15.1 At the Seller’s sole discretion, if there are any disputes or claims for unpaid Goods and/or Services then the provisions of the
Building and Construction Industry Security of Payment Act 2002 may apply.
15.2 Nothing in this agreement is intended to have the affect of contracting out of any applicable provisions of the Building and
Construction Industry Security of Payment Act 2002 of Victoria, except to the extent permitted by the Act where applicable.

16. General

16.1 If any provision of these terms and conditions shall be invalid, void, illegal or unenforceable the validity, existence, legality
and enforceability of the remaining provisions shall not be affected, prejudiced or impaired.
16.2 If any provisions of these terms and conditions are inconsistent with the PPSA, the PPSA shall prevail to the extent of that
inconsistency.
16.3 These terms and conditions and any contract to which they apply shall be governed by the laws of Victoria and are subject to
the jurisdiction of the courts of Victoria.

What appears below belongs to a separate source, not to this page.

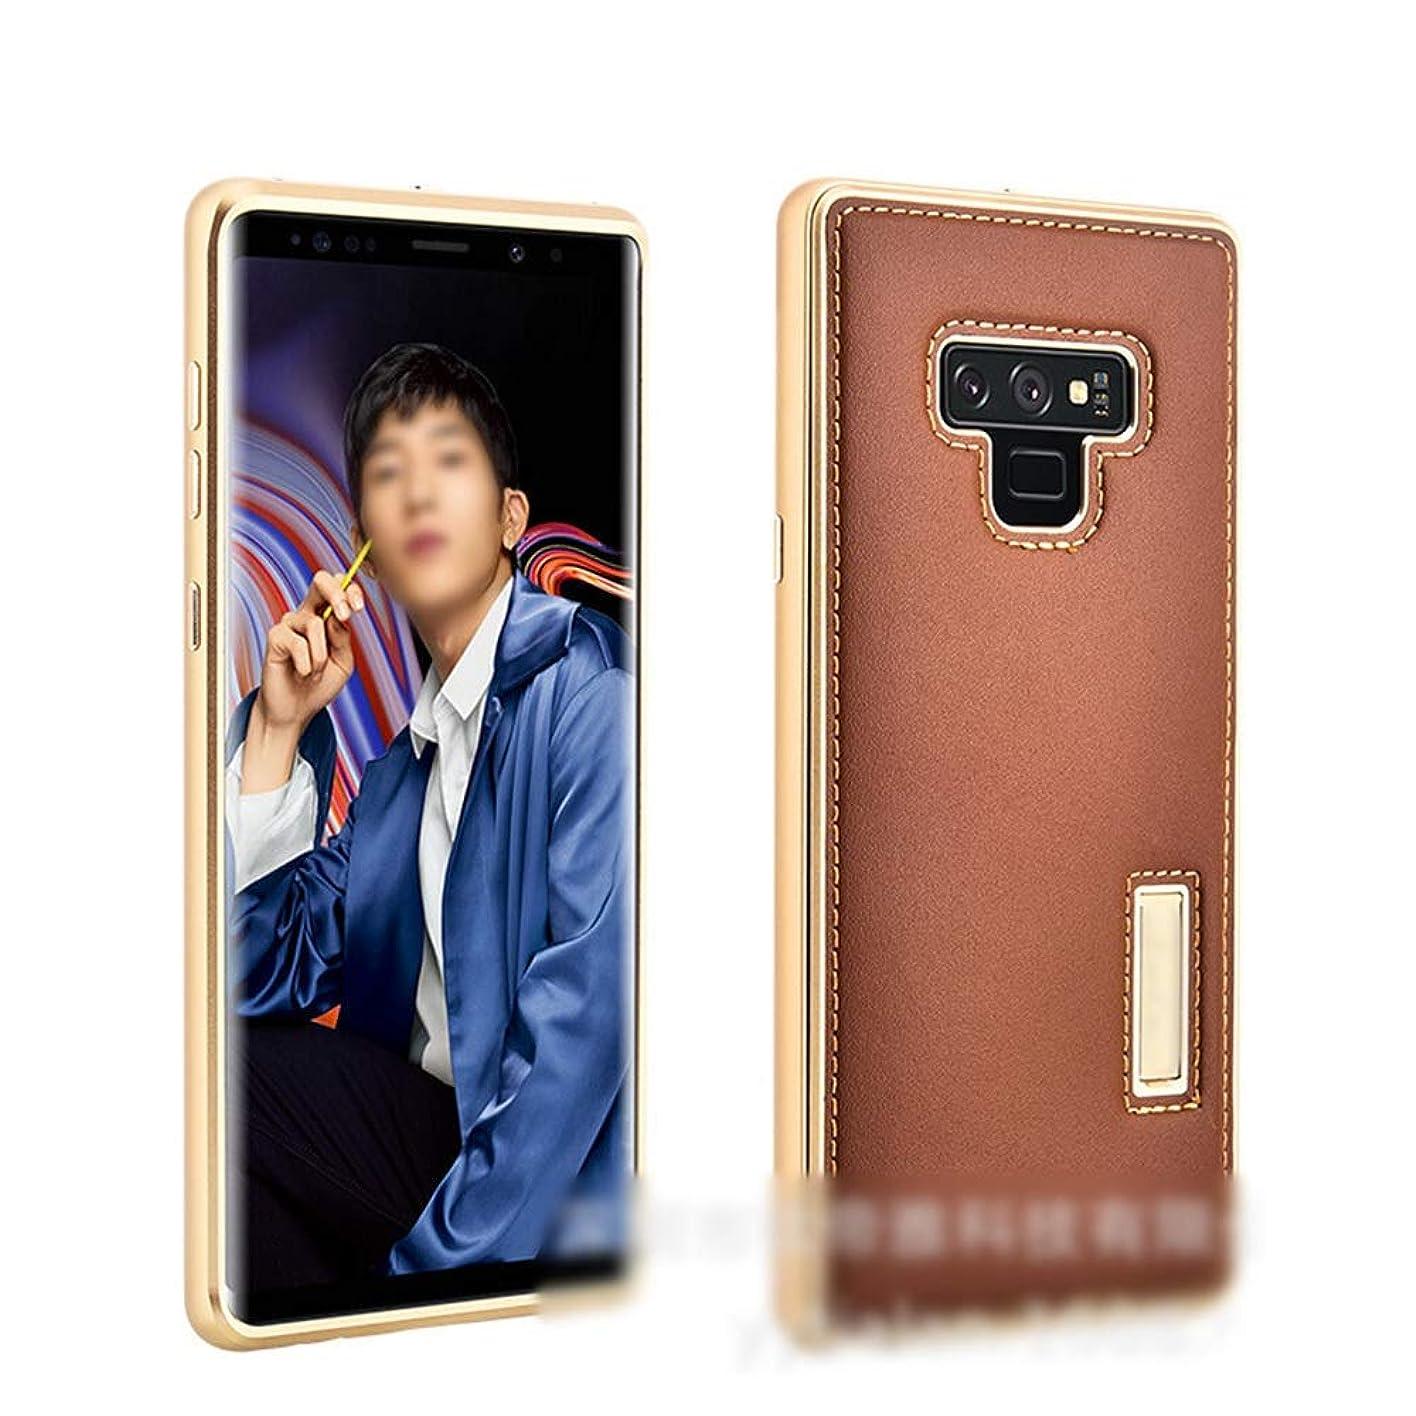 タイト軽減下位Tonglilili 電話ケース、革ケースサムスンの新しい落下防止電話ケース、サムスンS9プラスの電話ケース、S9、Note9、S8プラス、Note8、S8 (Color : ブラウン, Edition : S9 Plus)

16.4 The Seller shall be under no liability whatsoever to the Customer for any indirect and/or consequential loss and/or expense
(including loss of profit) suffered by the Customer arising out of a breach by the Seller of these terms and conditions.
16.5 In the event of any breach of this contract by the Seller the remedies of the Customer shall be limited to damages which under
no circumstances shall exceed the Price of the Goods.
16.6 The Customer shall not be entitled to set off against, or deduct from the Price, any sums owed or claimed to be owed to the
Customer by the Seller nor to withhold payment of any invoice because part of that invoice is in dispute.
16.7 The Seller may license or sub-contract all or any part of its rights and obligations without the Customer’s consent.
16.8 The Customer agrees that the Seller may review these terms and conditions at any time. If, following any such review, there is
to be any change to these terms and conditions, then that change will take effect from the date on which the Seller notifies the
Customer of such change. The Customer shall be under no obligation to accept such changes except where the Seller supplies
further Goods to the Customer and the Customer accepts such Goods.
16.9 Neither party shall be liable for any default due to any act of God, war, terrorism, strike, lock-out, industrial action, fire, flood,
storm or other event beyond the reasonable control of either party.
16.10 The failure by the Seller to enforce any provision of these terms and conditions shall not be treated as a waiver of that
provision, nor shall it affect the Seller’s right to subsequently enforce that provision.